Benchmark analysis

by yudaica2013 ·

“optimal”: 0.4 If> 0.6 means that the company is losing financial autonomy against third parties.
If <0.4 that the company may have an excess of capital (it is advisable to have a certain proportion of debts)
Complementing the above criteria, you can say, hold the “optimal” that:
For every unit that receives the asset Management money, 0.6 units monteratias fall, and are financed at short-term debt
and long term, while 0.4 monetary units are funded by the capital of that (ie, shareholders).
Another possible way of interpretation equivalent, may be:
60 of total assets, has been funded by the creditors of short and long term.

Jan 23 (Bloomberg) – Hedge funds lost money in 2008 than a Ernst year on record.

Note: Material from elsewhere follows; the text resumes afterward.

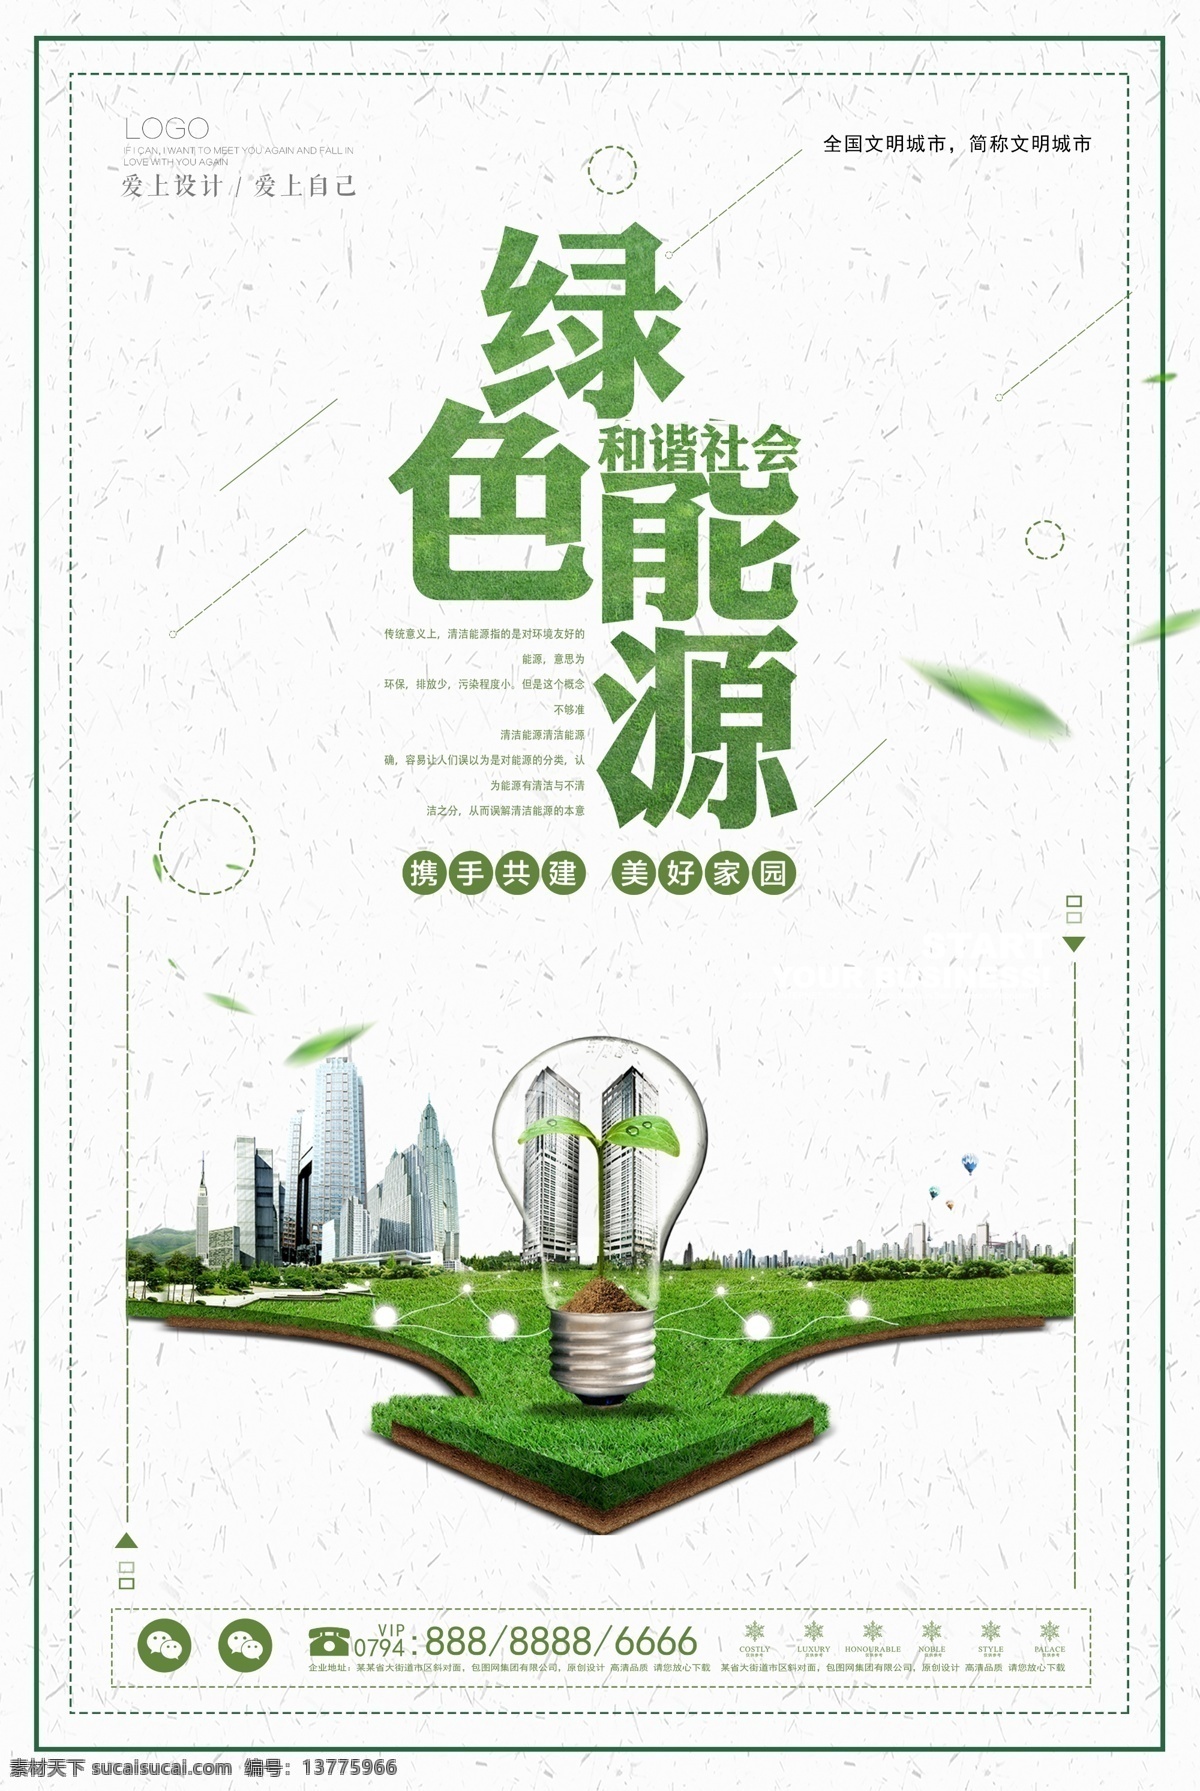 简洁 公益 绿色 能源 海报 设计海报 公益海报 海报公益 简洁海报 海报简洁 绿色公益 绿色公益海报 绿色能源海报 海报绿色能源 绿色能源 简洁绿色 公益简洁 绿色简洁 公益能源

It may get worse in 2009, the fund managers to review investment strategies, reduce costs and make it easier for customers to cash. Jamie Tisch
Jan. 26 (Bloomberg) – Sparx Group Co, Asias biggest hedge-fund manager will miss its target of 5 trillion asset yen ( 57 billion) in March 2011 due to redemptions and losses amid the global market rout.
Jan 21 (Bloomberg) – Deutsche Bank AG, Germanys biggest bank, said it suffered no losses of Ernst its U.S. Jamie Tisch capital and hedge funds is CQ opportunities.
Hedge funds saw a record amount of the payments in the fourth quarter as investors remained averse to risk.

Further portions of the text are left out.